I believe it was "Foundations for Structural Programming with GADTs". http://crab.rutgers.edu/~pjohann/popl08.pdf
So this gives us two functors, but they operate on different things, and I don't see how to get from one to the other in CT terms. Or rather, they're obviously related, but I don't see how to express that relation formally.
Again, what sort of relationship are you thinking of? Data
Ok, good question. I guess the problem I'm having is one of abstraction management. CT prefers to disregard the "contents" of its objects, imposing a kind of blood-brain barrier between the object and its internal structure.
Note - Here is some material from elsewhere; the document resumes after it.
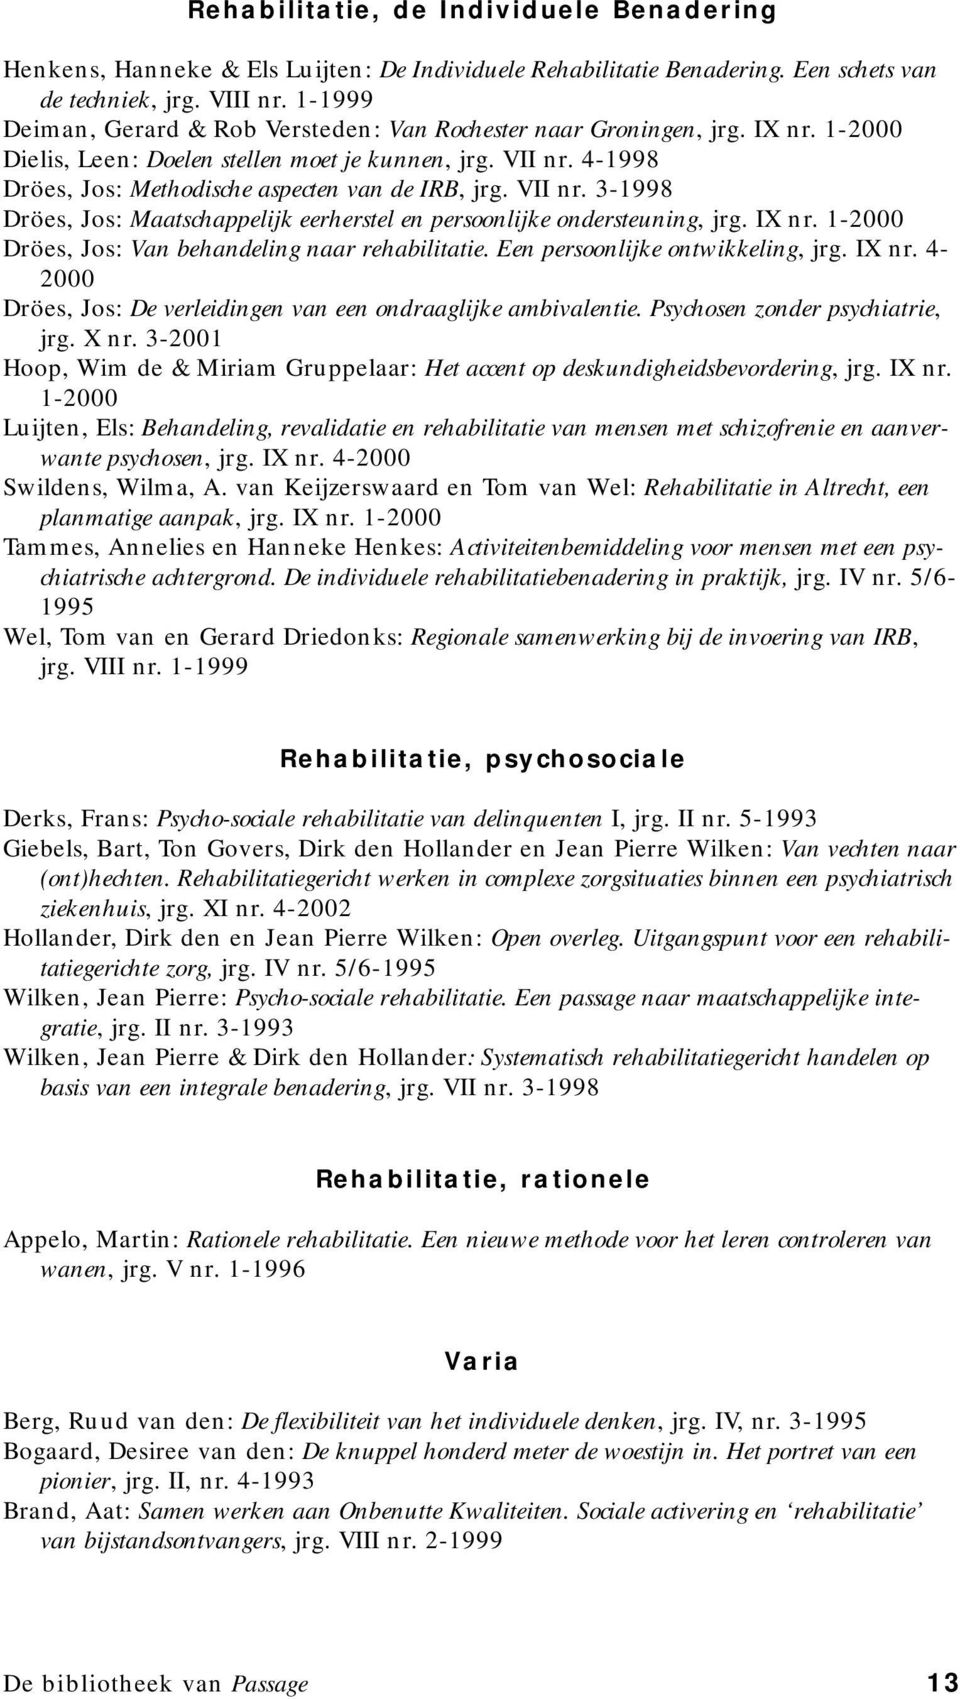 4-1998 Dröes, Jos: Methodische aspecten van de IRB, jrg. VII nr. 3-1998 Dröes, Jos: Maatschappelijk eerherstel en persoonlijke ondersteuning, jrg. IX nr.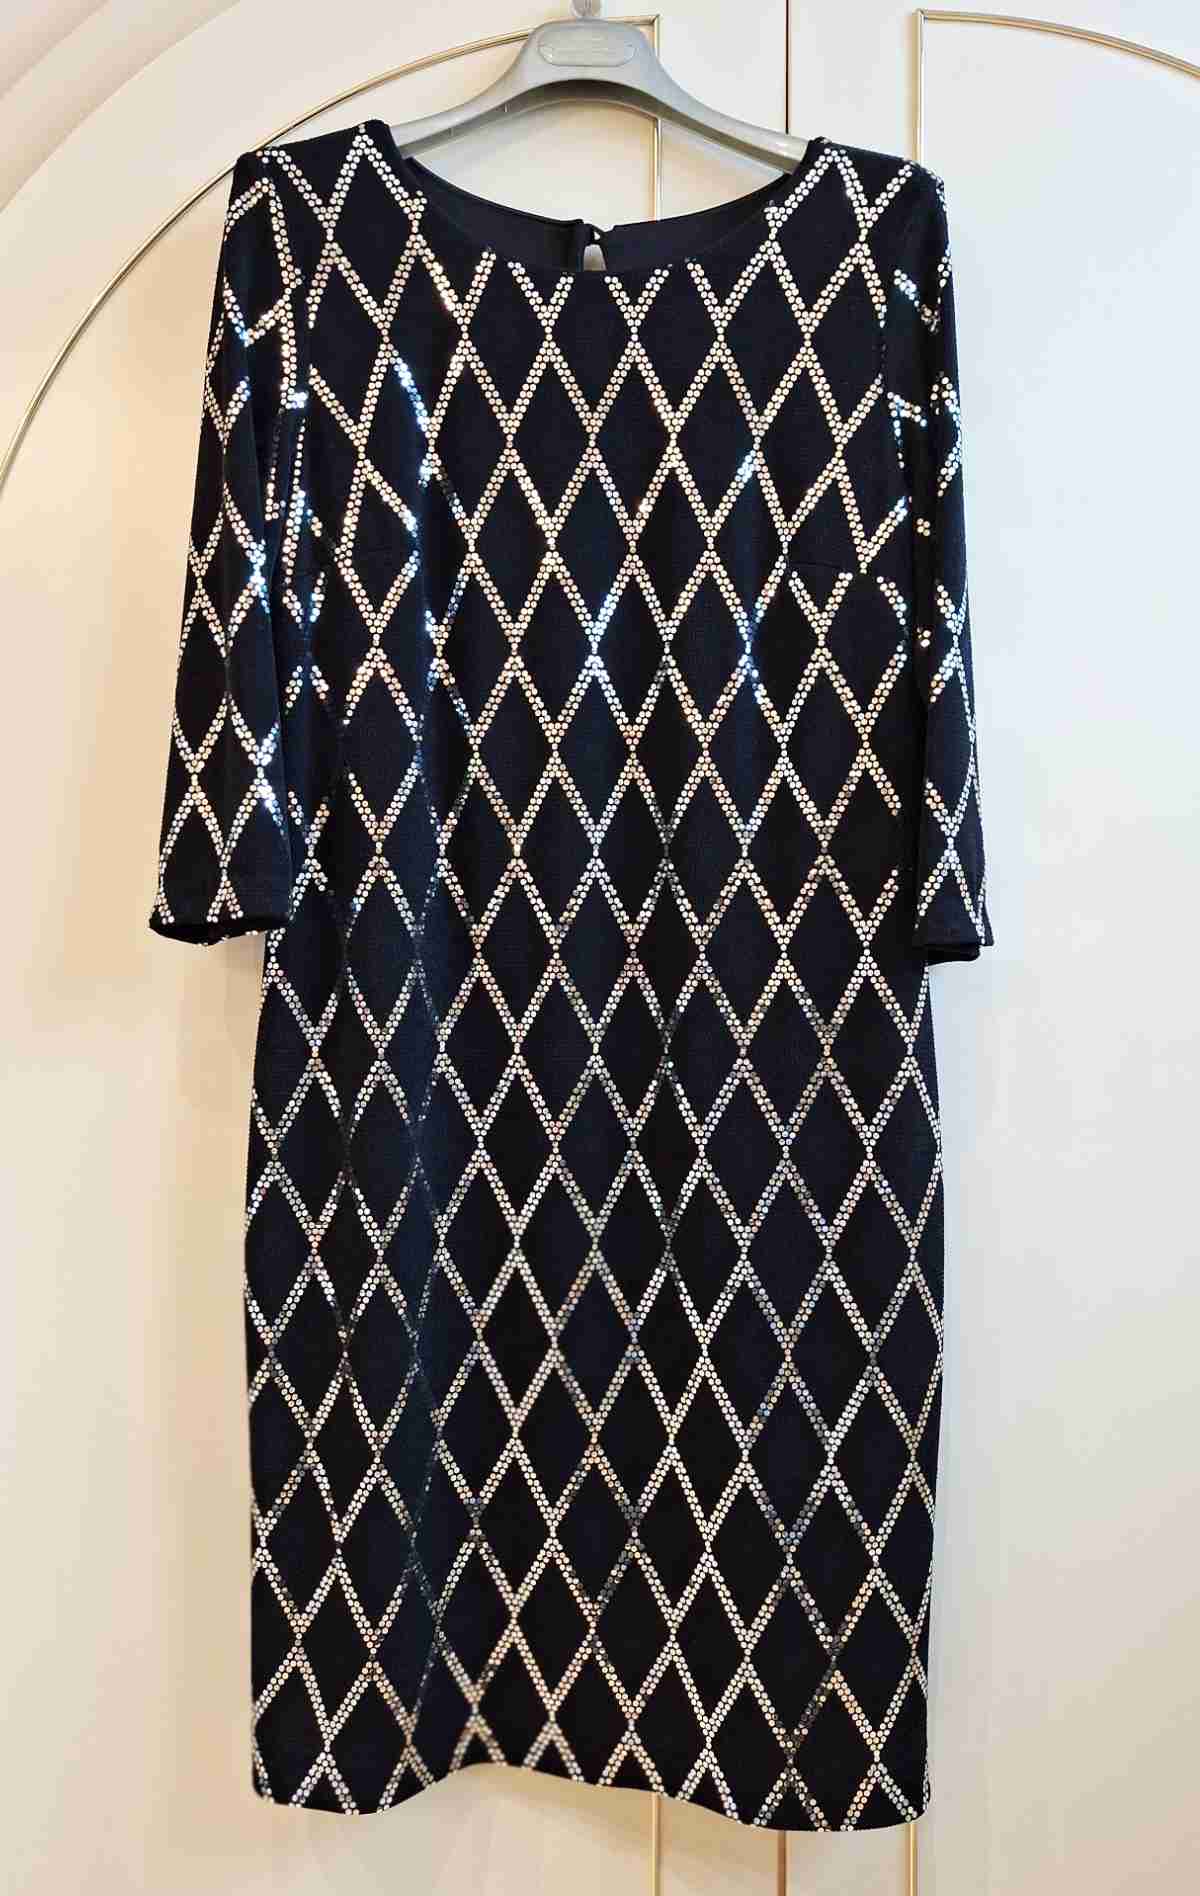 Joseph Ribkoff Abendkleid, in schwarz mit silber Rauten, Größe 40, neuwertig, Frontalansicht.

Typical definitions of functor, for example, make no reference to the "elements" of an object; a functor is just a pair of morphisms, one taking objects to objects, the other morphisms to morphisms. This leaves the naive reader (i.e. me) to wonder how it is that the internal stuff is related to the functor stuff.
Right. The reason the definition of functor doesn't say anything about the "internal stuff" is that there are plenty of categories where there *is* no internal stuff. So for categories like Set or Mon, where the objects to have elements, category theory uses morphisms to describe their internal structure. For example, a set is an object in Set, and its elements are morphisms from the singleton set. So if I have some operation that creates a monoid from a set, and transforms set functions into monoid homomorphisms in a way that respects identity functions and composition, then I have a functor from Set to Mon. (For example, the free monoid that Wren mentioned.) Whatever internal stuff is going on will be reflected in the morphism part of the functor, because otherwise the functor can't map the morphisms correctly.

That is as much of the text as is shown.